Optimal Balance is my personal theory relating to human happiness, health, and productivity. The theory was developed over the course of my career working in mental health, and is an approach to human development that can be used by men and women, young and old. By studying the variables most closely associated with fully-functioning people, I have assembled an approach to life that allows individuals to engage in activities and endeavors that best match their values, while simultaneously learning important stress-coping responses needed to re-direct when life goes out-of-balance. People who maintain an optimal balance in their lives often achieve great success because they become empowered by the control they have over their lives.
What would you plant in your garden today?
It may be easier to understand Optimal Balance in terms of planting a garden. Think of the most important four or five values in your life right now (i.e., physical health, spending time with your spouse, career) and look at these as plants you want to thrive. Obviously, if you water one plant too much (i.e., spend too much time at work), you will eventually drown the plant. Likewise, completely ignoring a plant (i.e., not spending enough time taking care of your physical health) will lead to problems as well. When we lose balance in life, we are forced to spend time and energy coping with stress and burnout — instead of using our healthy energy toward achieving peak performance.

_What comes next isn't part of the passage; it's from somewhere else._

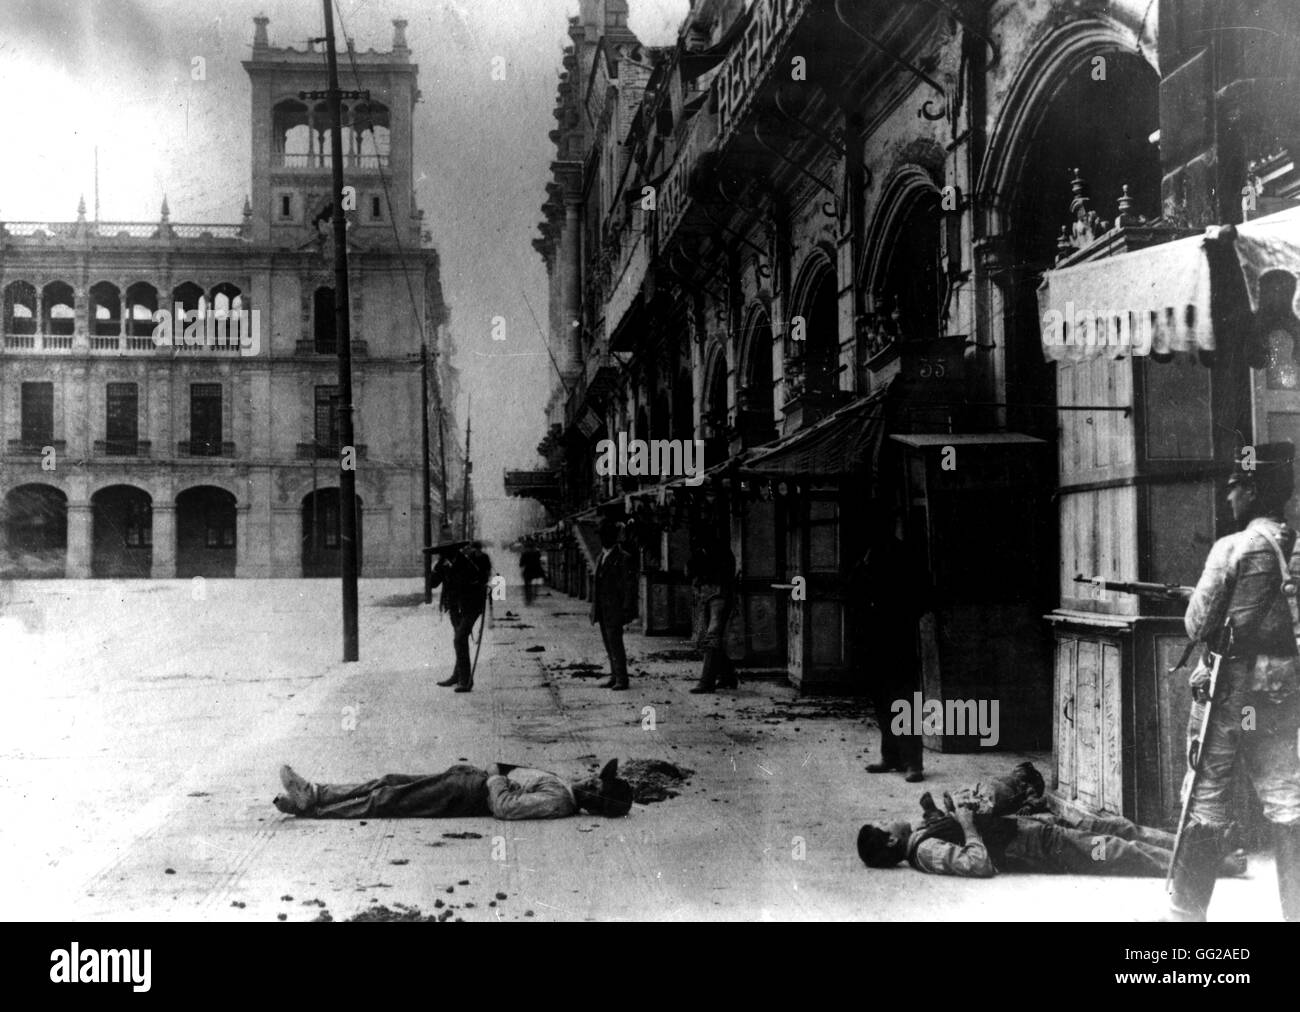 Révolution mexicaine. Cadavre dans la rue au Mexique. 20 mai 1914 Mexique Washington, D.C. Library of Congress Banque D'Images
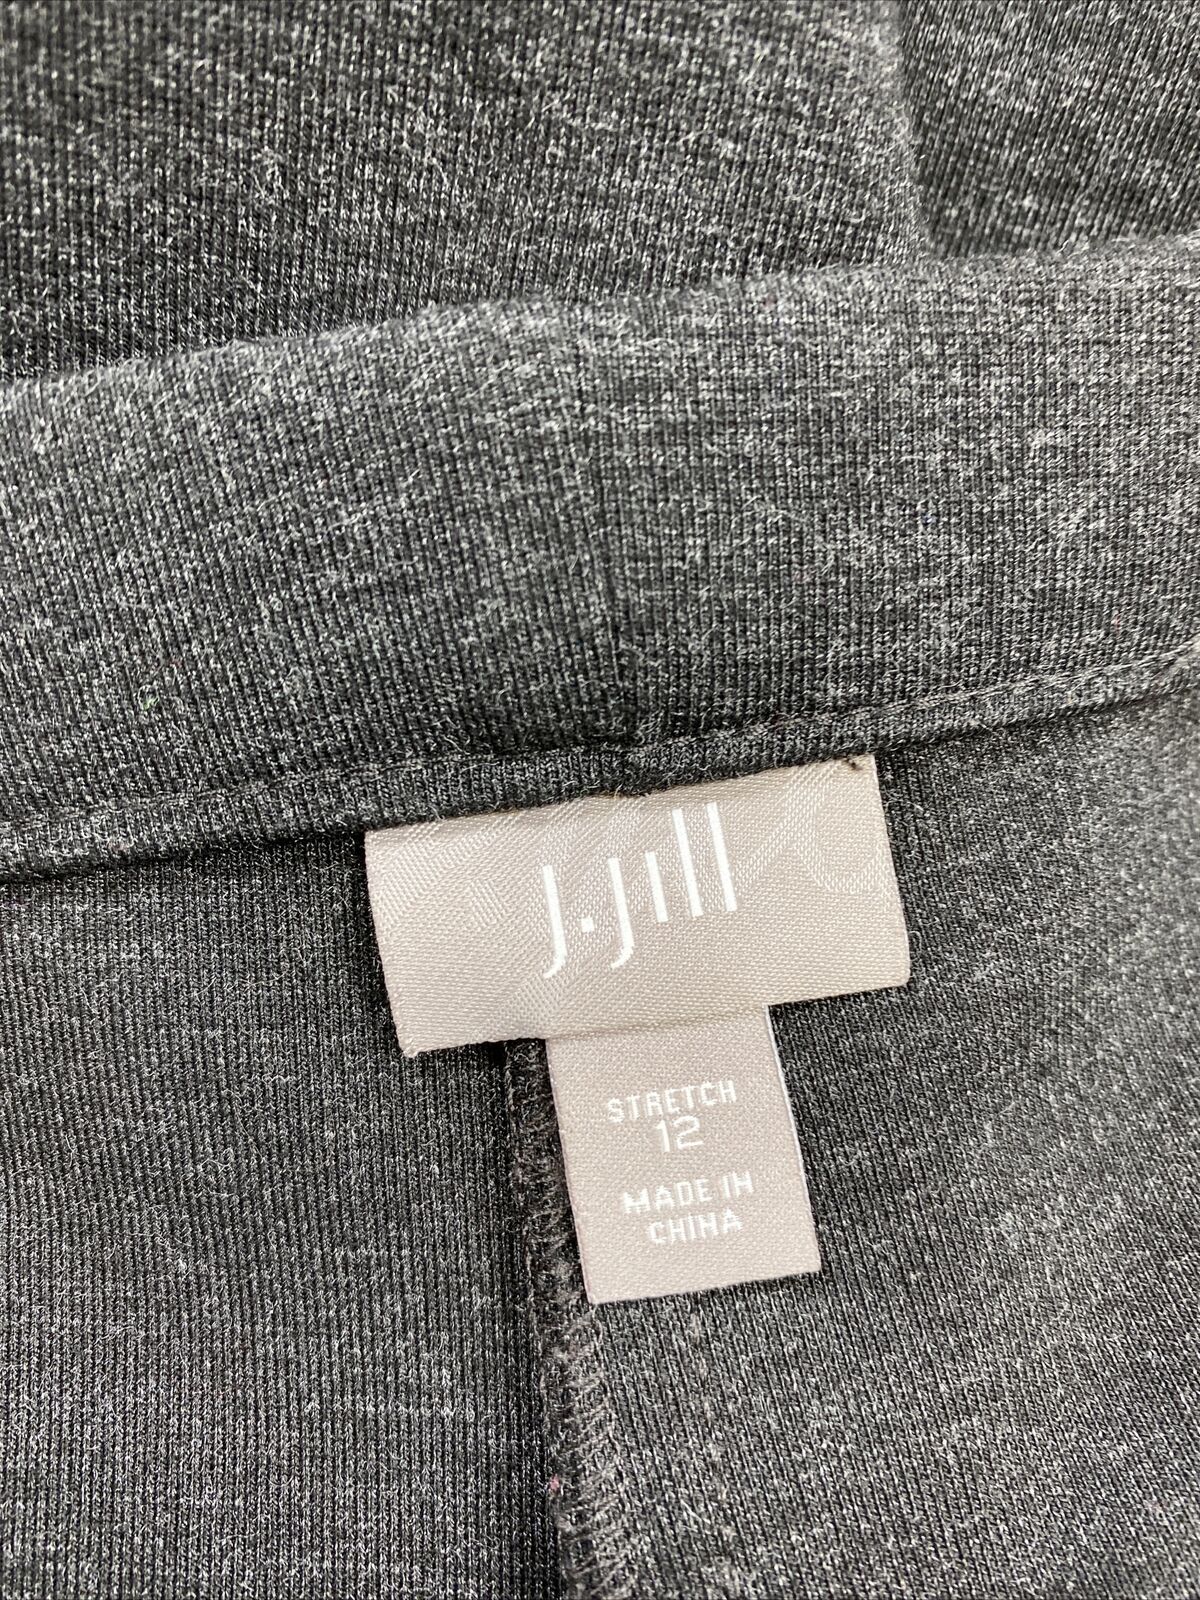 J.Jill Pantalones tobilleros elásticos con cremallera en gris oscuro para mujer - 12

Interestingly, simply taking the first step to identify the most important values in your life at this moment is actually therapeutic in that control has been consistently inversely related to stress (meaning the more control of your life you take, the less stress you experience). Additionally, after identifying your values, you can then set future specific, measurable goals that will give you the best chance to reach new heights in your personal life. It’s also important to note that you should identify values that you find important, not necessarily values you think you should prioritize, or that others have ascribed to you.
Nurture your values
Similar to a garden, you have to regularly perform maintenance in your life so that distractions (weeds) don’t take over. For example, if you want to improve your grades at school, then it’s imperative that you dedicate time to studying and seeking tutoring help when needed. In addition, when distractions (“weeds”) like playing video games steal attention, it’s important to develop the discipline needed to remain committed to studying. As you can see from this example it’s important to not only identify future targets for goals, but to also regularly work to push back on temptations and distractions that prevent us from becoming our best selves.
How stress occurs
The stress we experience in life often occurs when we are “out of balance,” meaning we are doing too much of one thing (i.e. working) and not enough of another (i.e. spending time with family). This stress, if not recognized and addressed, will ultimately rear its ugly head at some point (i.e. perhaps as displaced aggression when we become short-tempered with an innocent friend). We have an internal set-point that longs for homeostasis, and when we feel unbalanced we naturally (and sometimes unknowingly) work to regain control and balance. This work to regain balance is stressful in the sense that we must take pause, recognize the imbalance in our life, and develop coping responses that allow us to move back to our healthy, unique balanced lives.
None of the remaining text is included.